◆ Collected data:
★ ★ ★ ★ ★ ★ ★
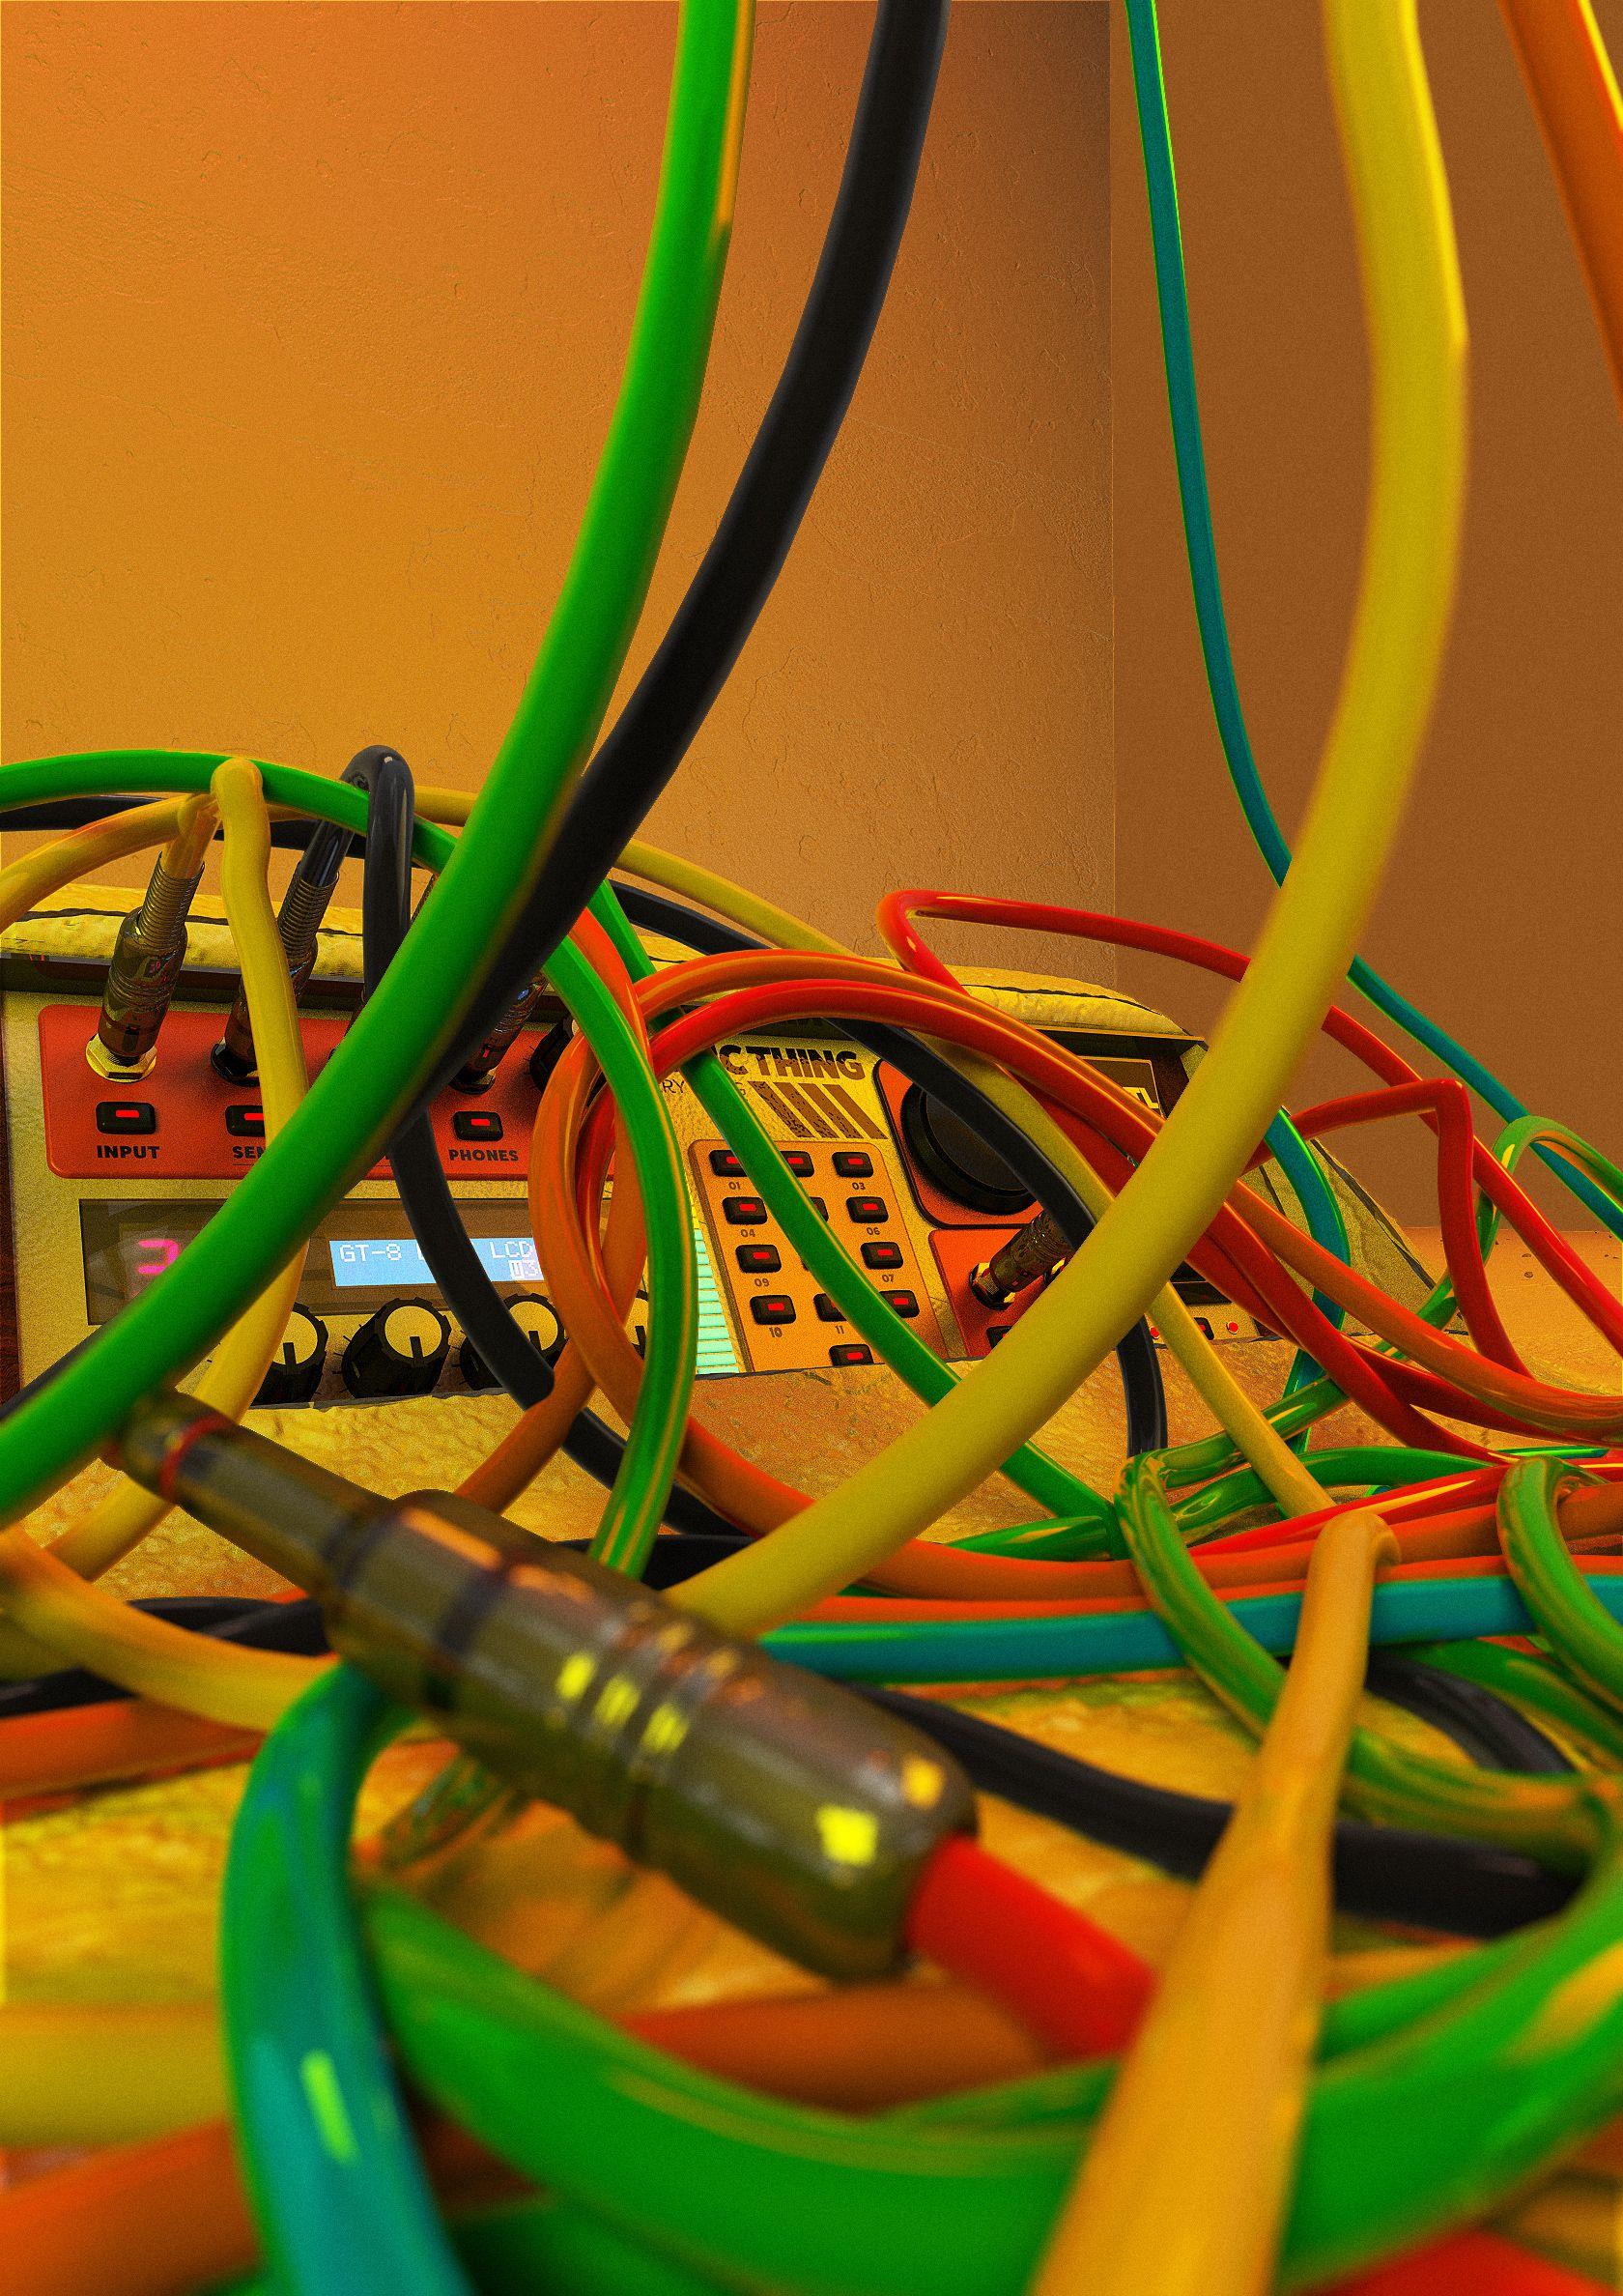 crazy wires experiments in spline dynamics [ 1680 x 2376 Pixel ]
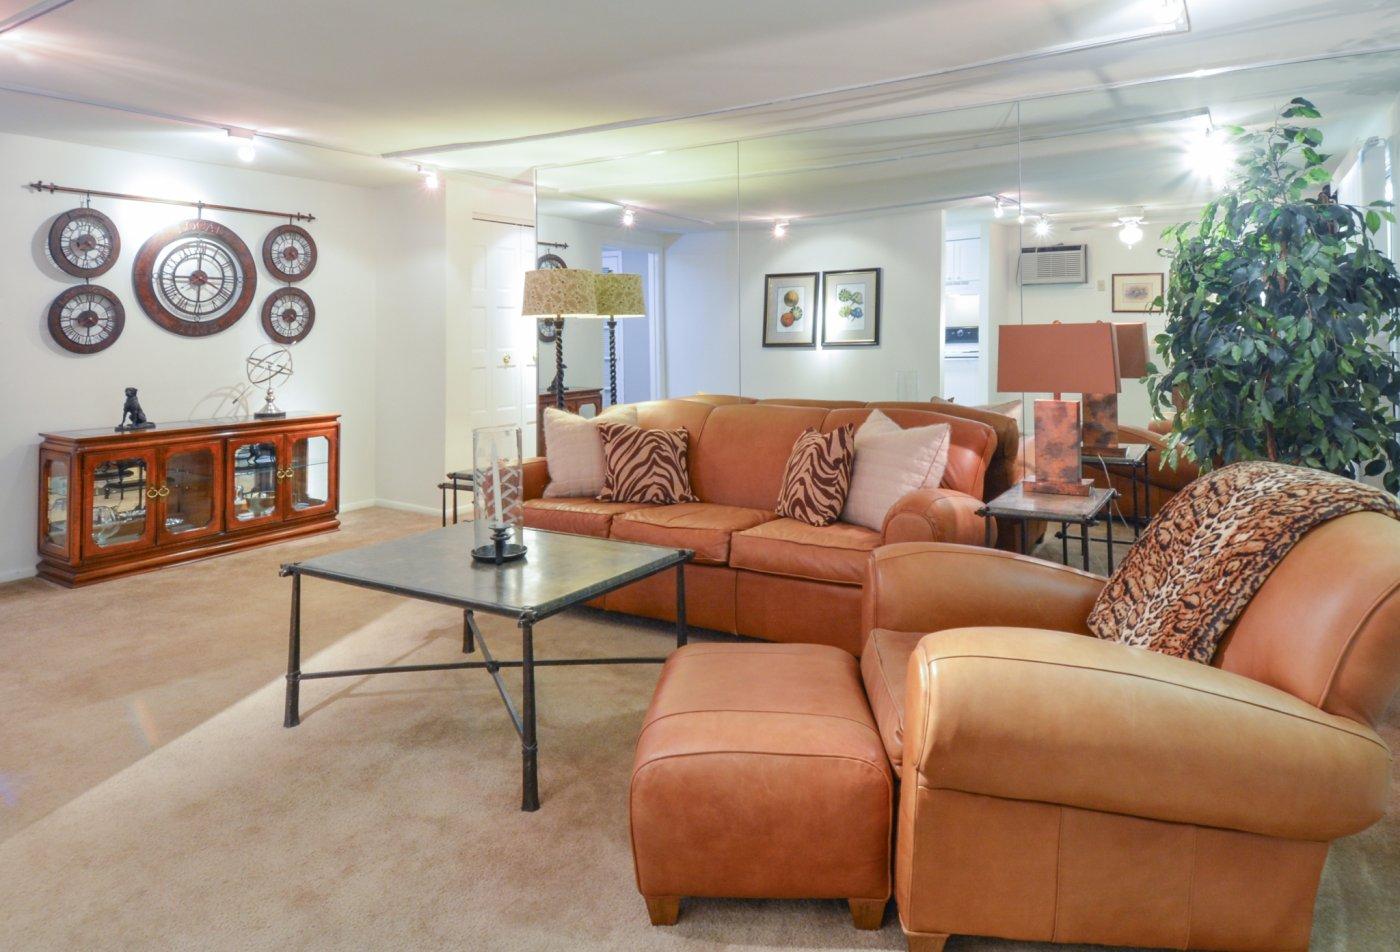 Elegant Living Room | Apartments for rent in Secane, PA | Bishop Hill Apartments
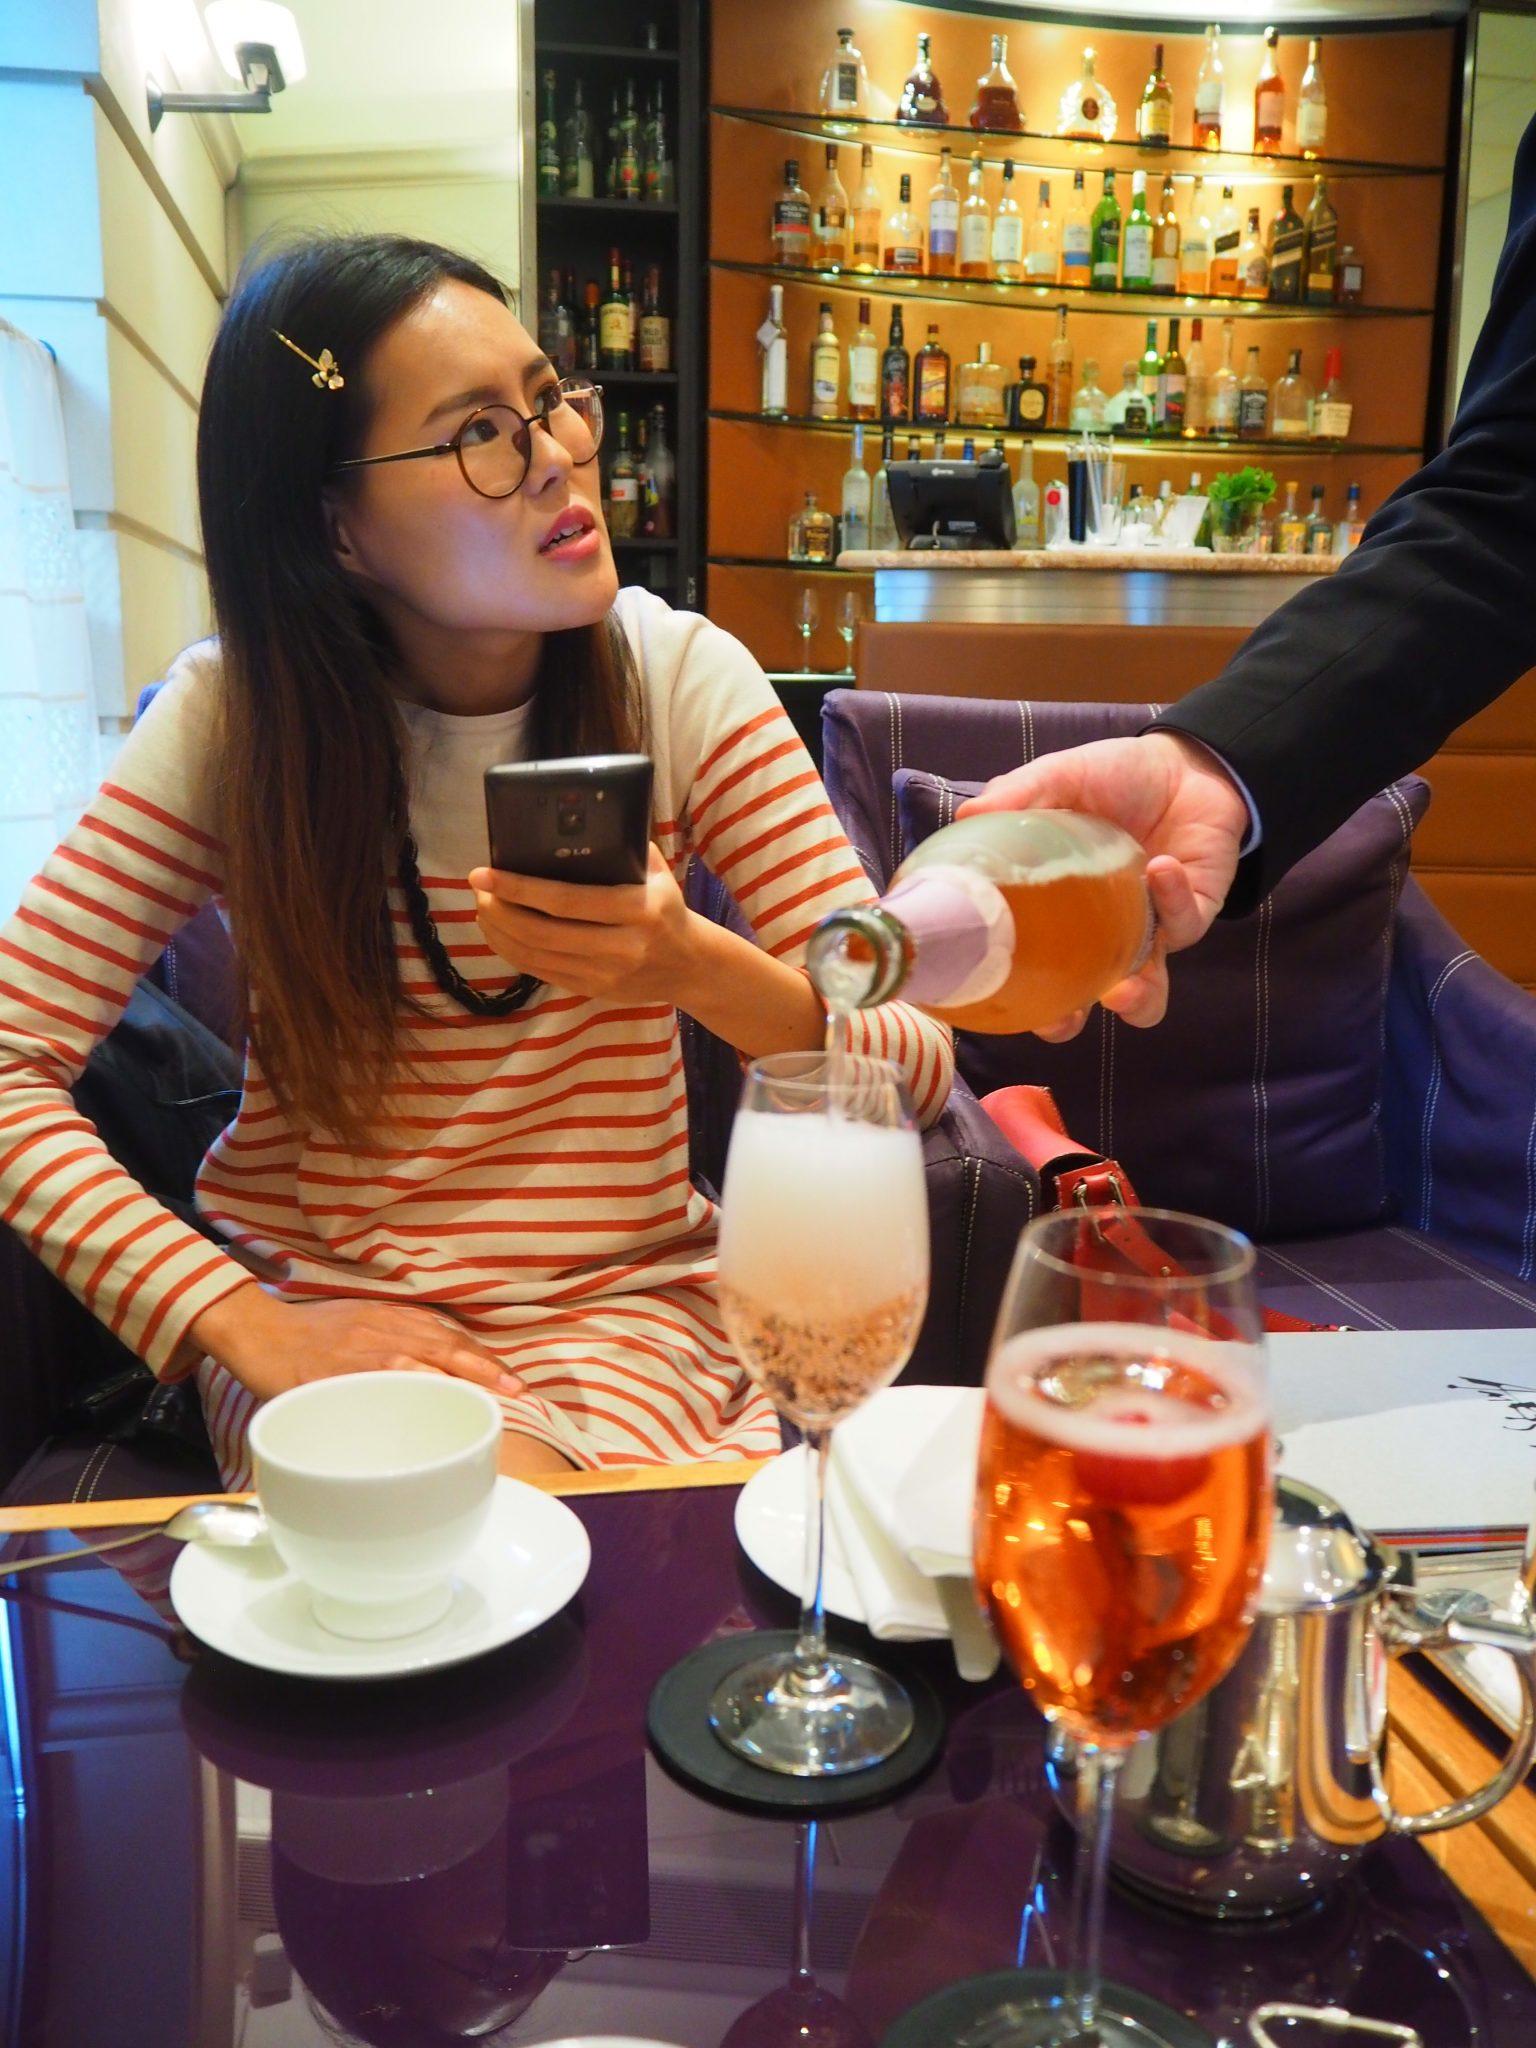 Spanish Afternoon Tea at the COMO The Halkin London
★ ★ ★ ★ ★ ★ ★
◆ What to do: This task calls for an exact copy of the data above, without pictures.

◆ Answer to this task:
 crazy wires experiments in spline dynamics [ 1680 x 2376 Pixel ]
 Elegant Living Room | Apartments for rent in Secane, PA | Bishop Hill Apartments
 Spanish Afternoon Tea at the COMO The Halkin London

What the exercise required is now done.